▶ The problem: From the line containing "Rice MEL2 is" through the last line below, copy every line exactly, leaving out the pictures.

▶ Source data:
=-=-=-=-=

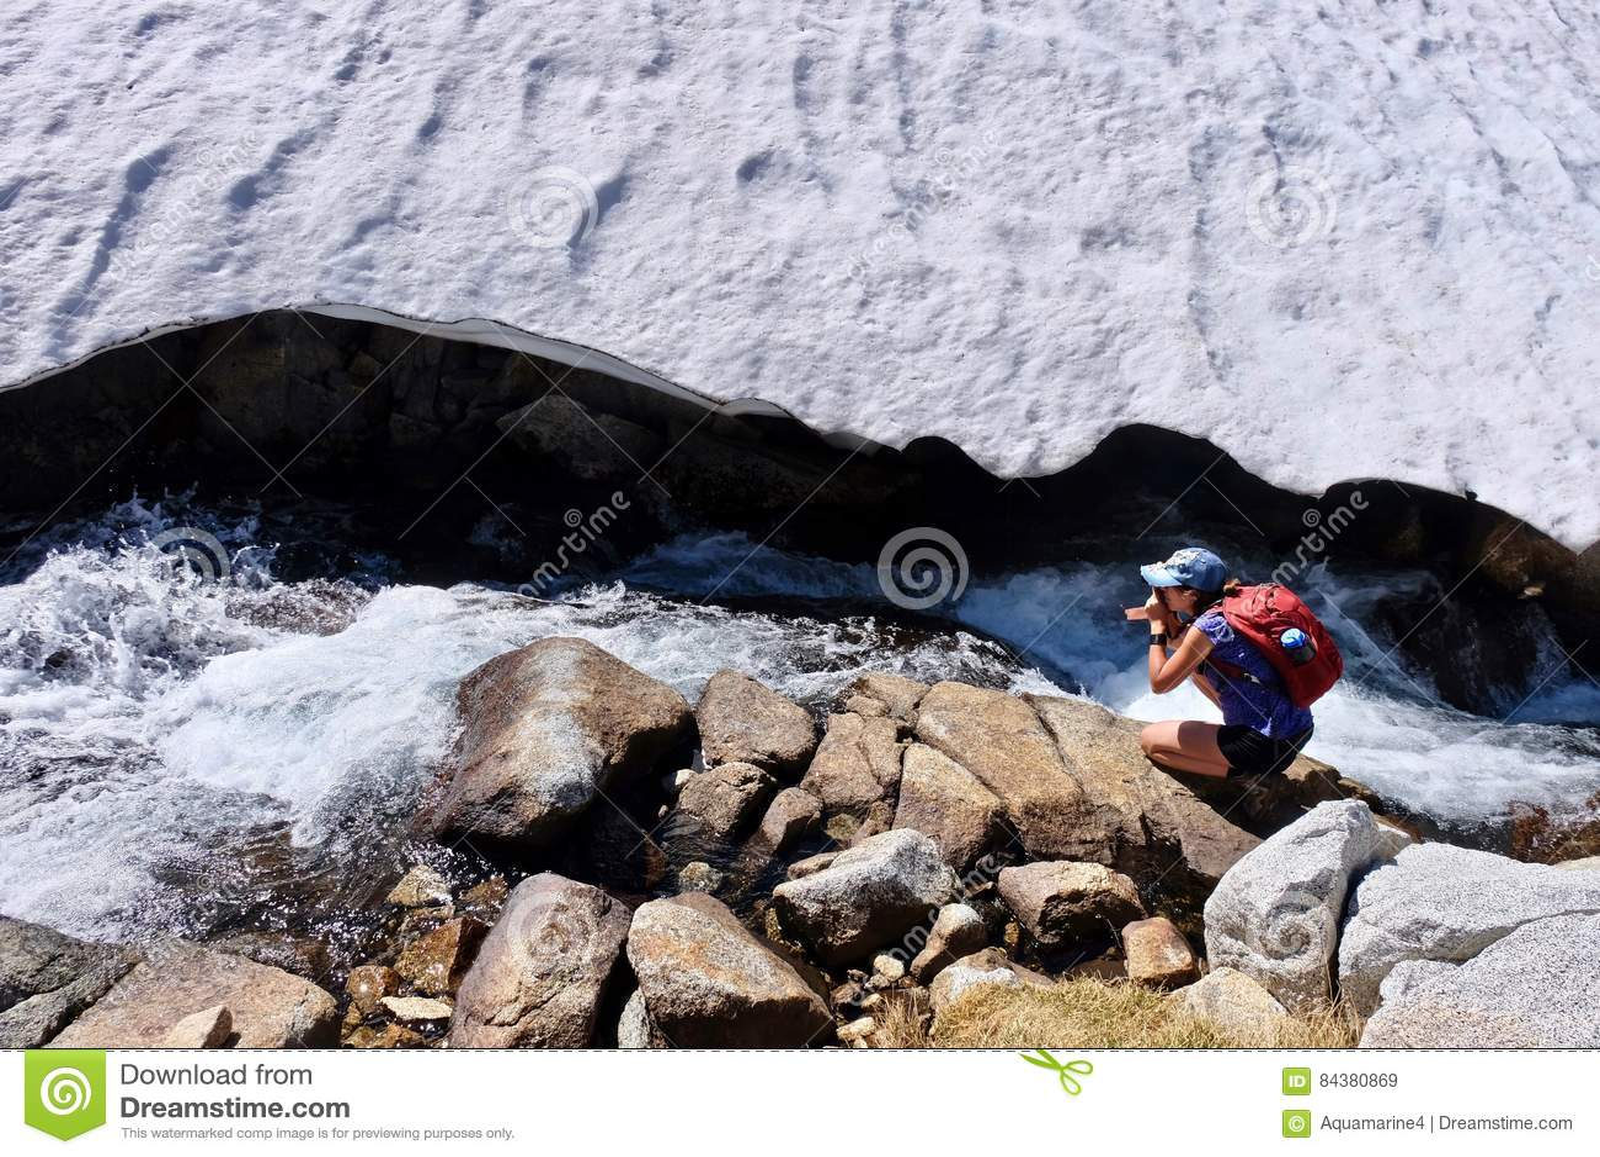 Woman photographer by alpine creek.
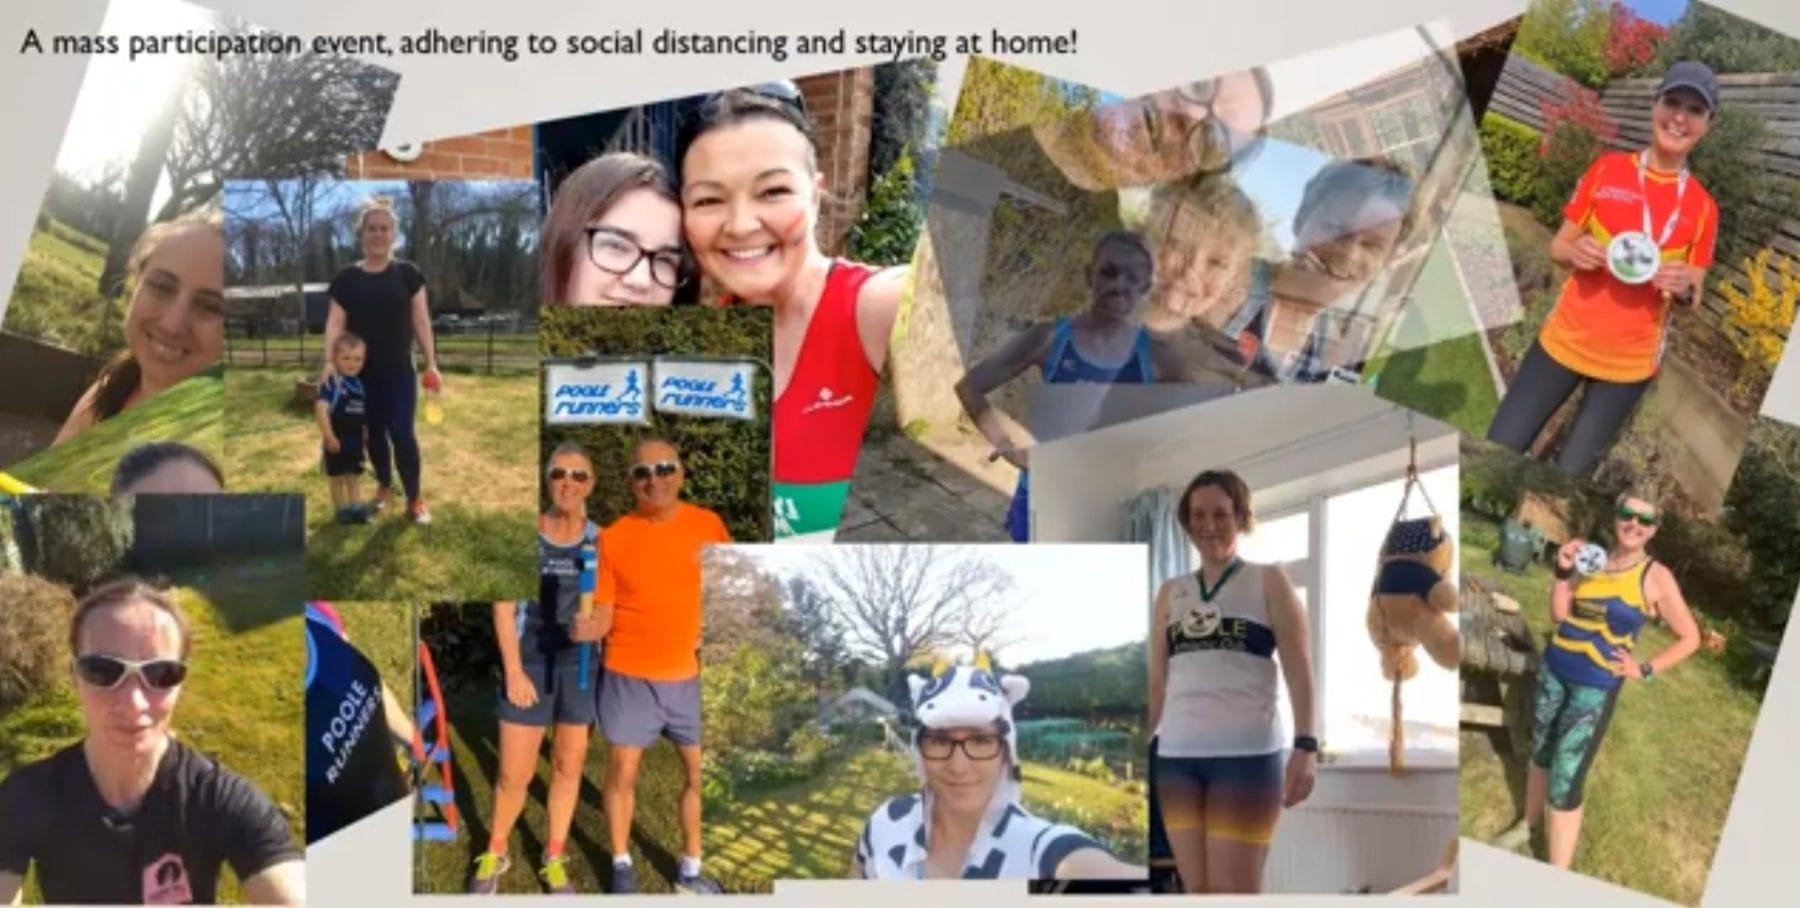 Abigail Baker (top left) and Rose Clarke (bottom right) in the Garden Marathon Challenge online collage
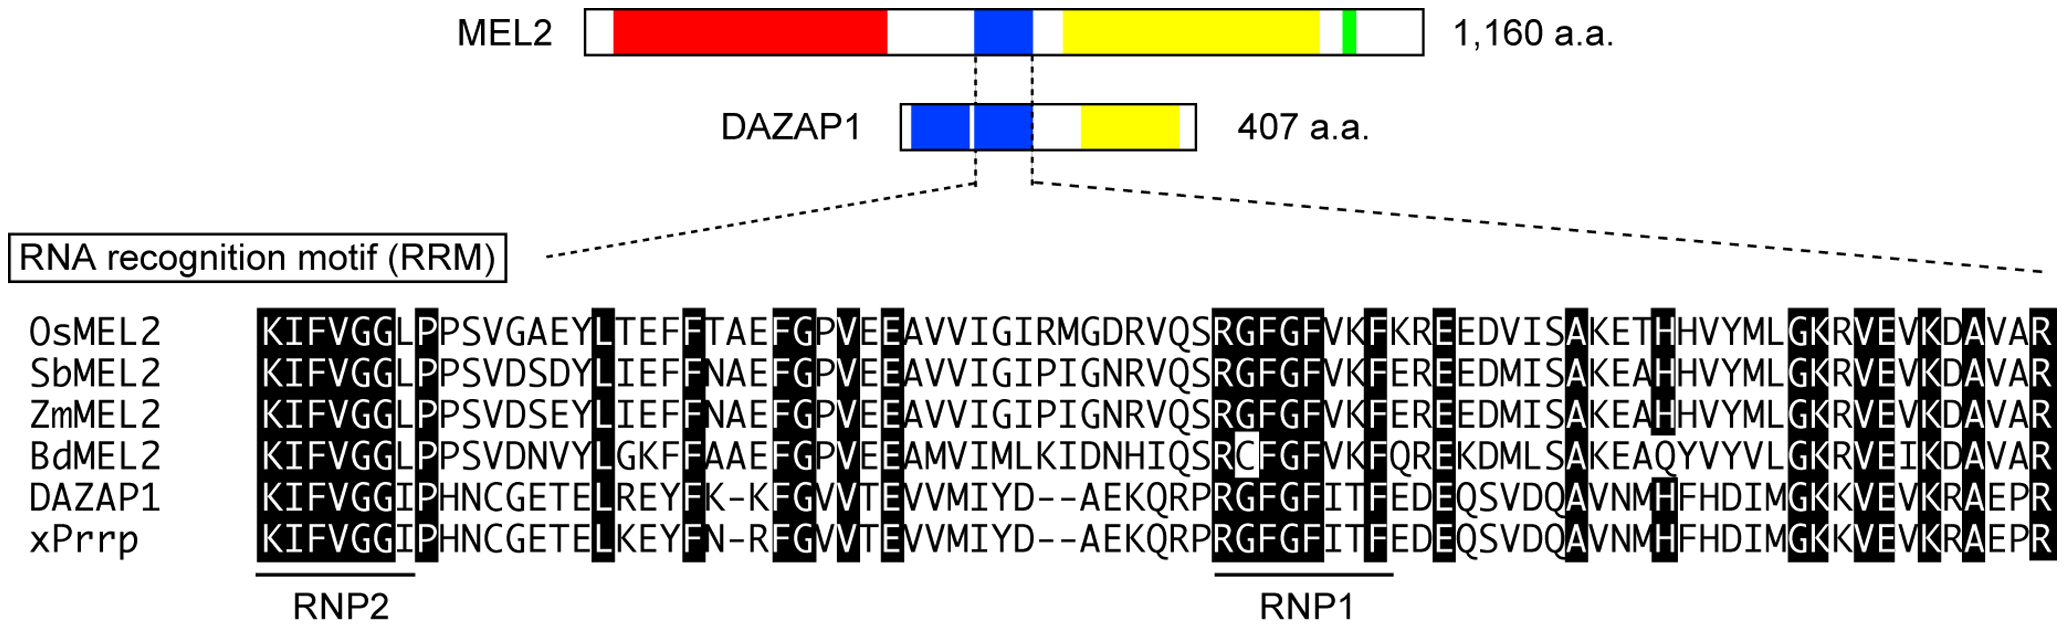 Rice MEL2 is the RRM protein partially homologous to human DAZAP1.
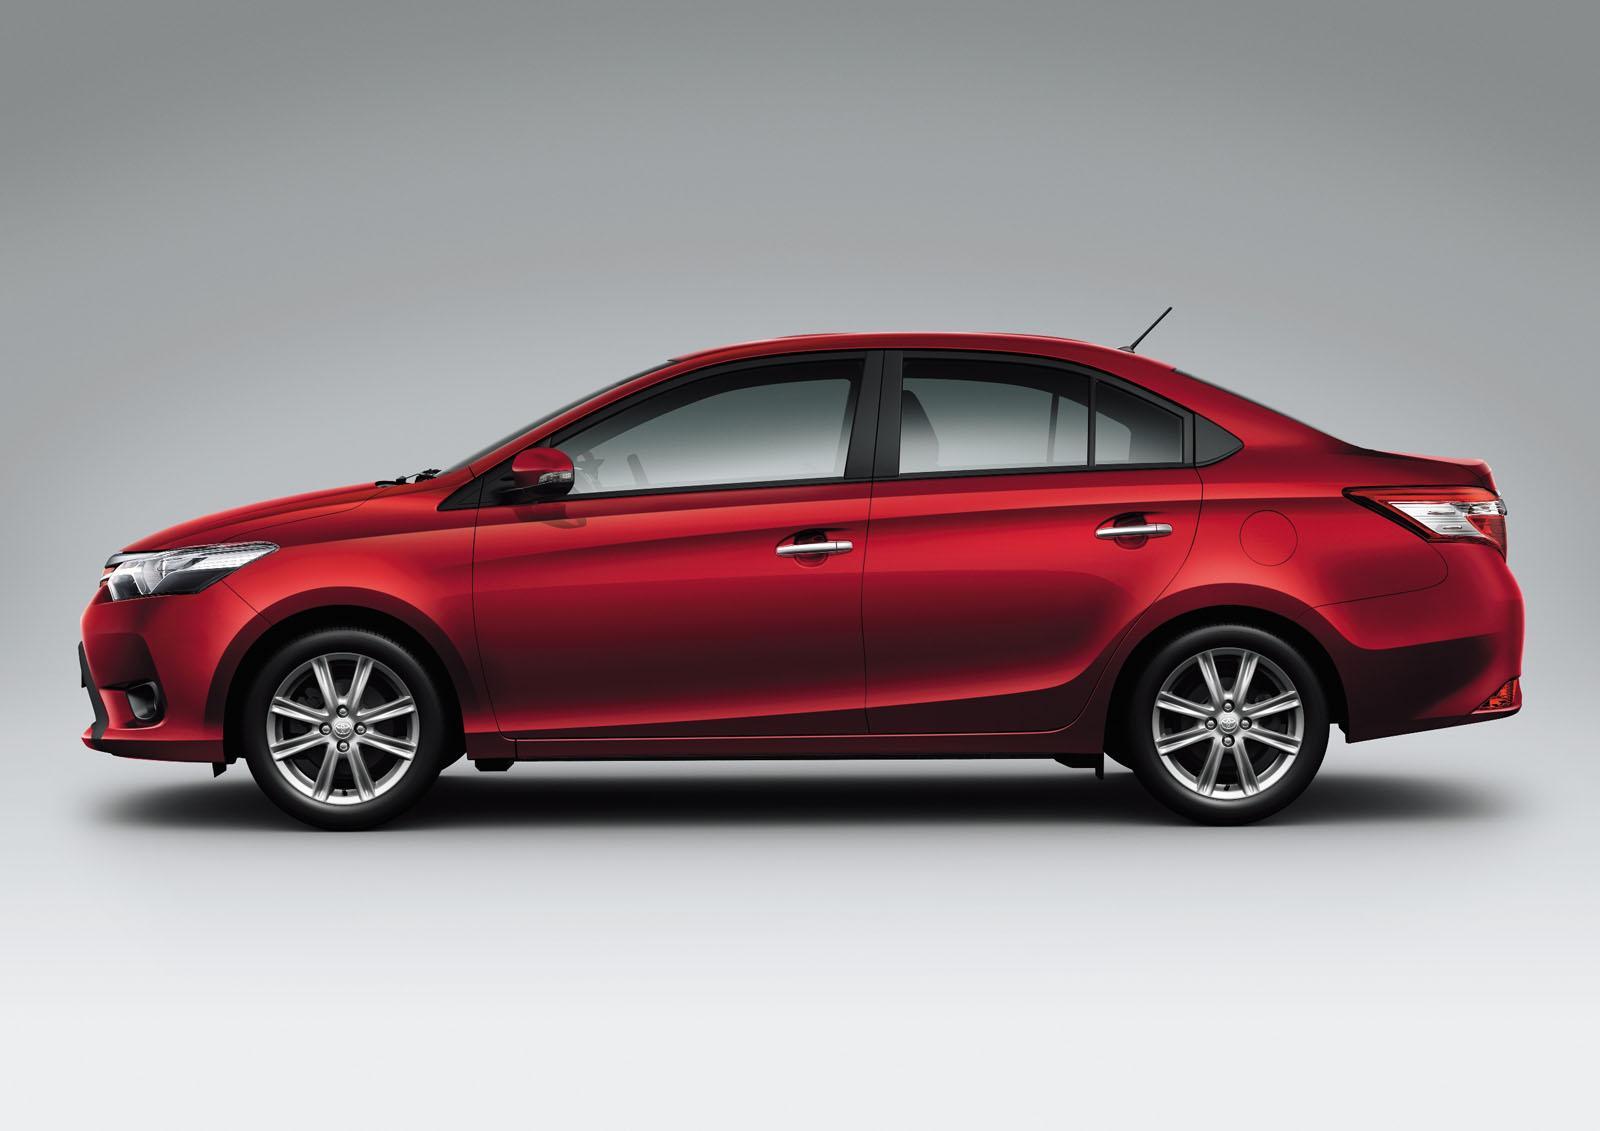 novo Toyota Vios 2014 lateral

=-=-=-=-=

▶ Output for this exercise:
 Rice MEL2 is the RRM protein partially homologous to human DAZAP1.
 novo Toyota Vios 2014 lateral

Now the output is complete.